Выхожу на верхнюю палубу. Никого нет. Только на рубке двое несут свою вахту: старший офицер Голубев и рулевой Мазурин. Поднимаюсь к ним и присаживаюсь на край рубки.
— Не спишь, Власов? — спрашивает старший офицер.
— Освежиться захотелось, ваше благородие.
— Признайся уж откровенно — зазноба не дает покоя.
— Мышка соломку точит и то любви хочет, а я чистый хлеб ем да какао пью.
Такая приятная ночь, что говорить не хочется.
Стучат дизель-моторы, нижут морской простор, как швейные машины. «Мурена», без огней, черная, несется по глади моря, словно испуганная рыба. Вдоль бортов с шумом струится пена.
Я глотаю соленый воздух, а из головы не выходит Полина. Тоска по ней, словно крабы клешнями разрывают грудь. Чтобы забыться, смотрю в небо. Усеяно оно зернами золотой чечевицы. С правого траверза — недавно родившаяся луна. Где же горы на ней, как объяснял Зобов? И кажется уже, что это не луна, а серебряный ноготь, что состриг бог с большого пальца ноги. Ангелы не успели подхватить его, — он повис в темно-синем воздухе.

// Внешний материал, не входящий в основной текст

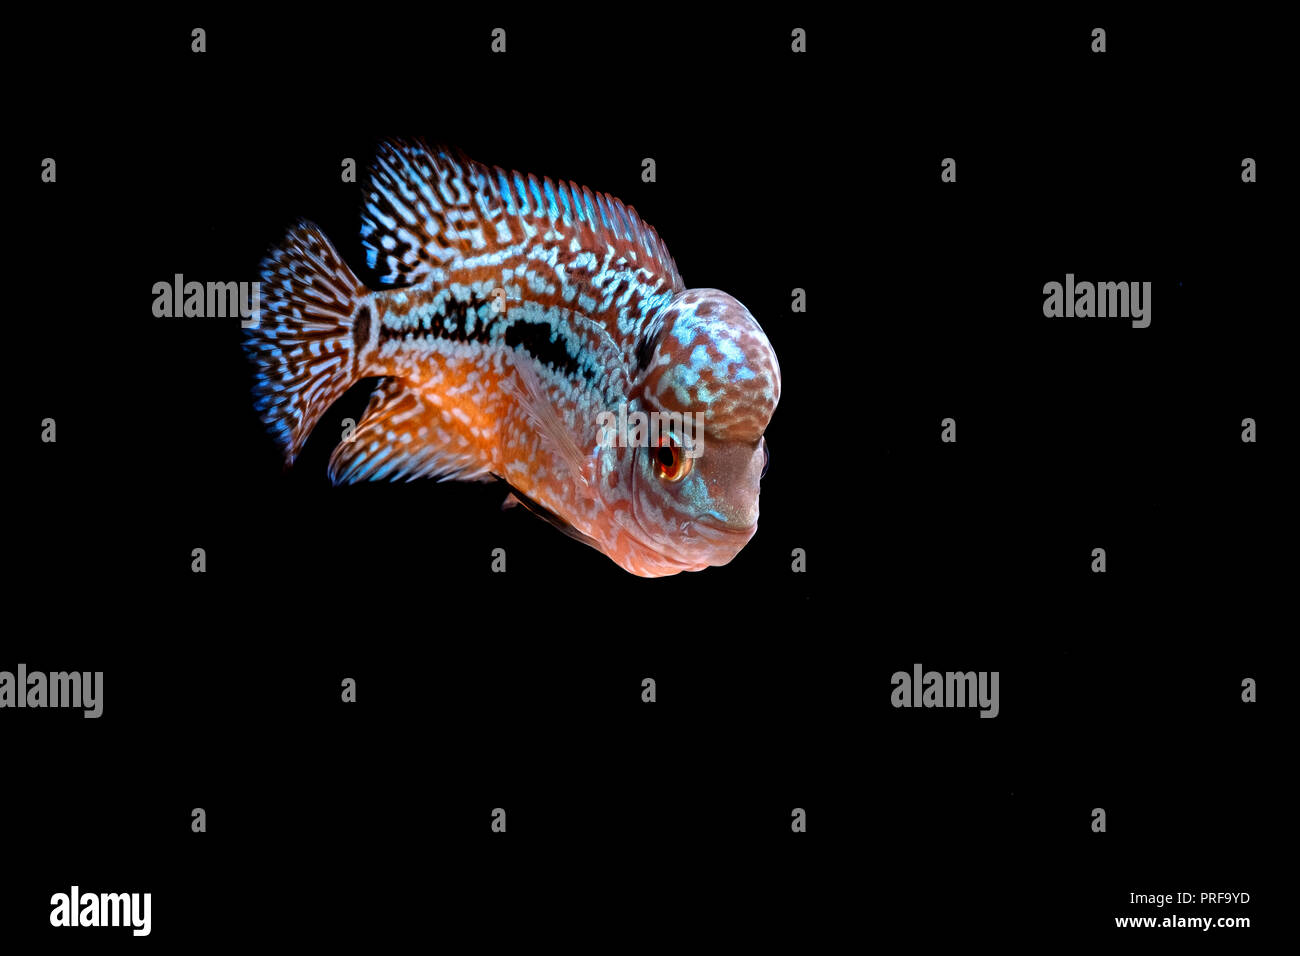 Cichlids in aquarium Stock Photo

И опять мысли, как перелетные птицы, несутся туда, на берег…
Так просидел до зари, пока не вошли в свою гавань.
Я отправился к Полине прямо на квартиру. Застал ее дома. В средине узкой и длинной комнаты, с одним окном, она примеряла на манекене какое-то платье.
— Здравствуй, Полина!
— А, вернулся…
Нехотя протягивает холодную руку и продолжает свою работу.
— Что с тобой, дорогая? Заболела, что ли?
— Да.
— Чем же это?
— Сердечной болью.
— Это что же за болезнь такая?
На мне недоверчиво-пытливый взгляд Полины. Спрашивает с раздражением:
— Лучше скажи-ка, как поживает твоя драгоценная жена?
Я в недоумении.
— Какая жена?
— Какие бывают жены у людей?
— Это кто же тебе набрехал?
— Слухами земля полна.
Голос у Полины сухой, как осенняя полынь.
Я понял лишь одно, что между нами все кончено. Счастье провалилось в черную яму. Кто ее выкопал? В замутившейся голове нет ответа.
На комоде скучно тикает будильник. Весь пол в разбросанных лоскутах. На столе — швейная машина, утюг, куски разрезанной материи. И вдруг — откуда он взялся? Передо мною, у противоположной стены, стоит страшно знакомый матрос: крупный и взъерошенный; весь вытянулся, точно на адмиральском смотру; на безусом, как у актера, лице движутся скулы, желтые глаза округлились; в одной руке — крепко сжатая фуражка, и я никак не могу прочитать на ней золотую надпись.
Зарябило в глазах.
Перевожу взгляд на Полину. Испуг и тревога у нее на лице. Опять смотрю в сторону противоположной стены. И только теперь замечаю большое трюмо, а в нем — мое отражение.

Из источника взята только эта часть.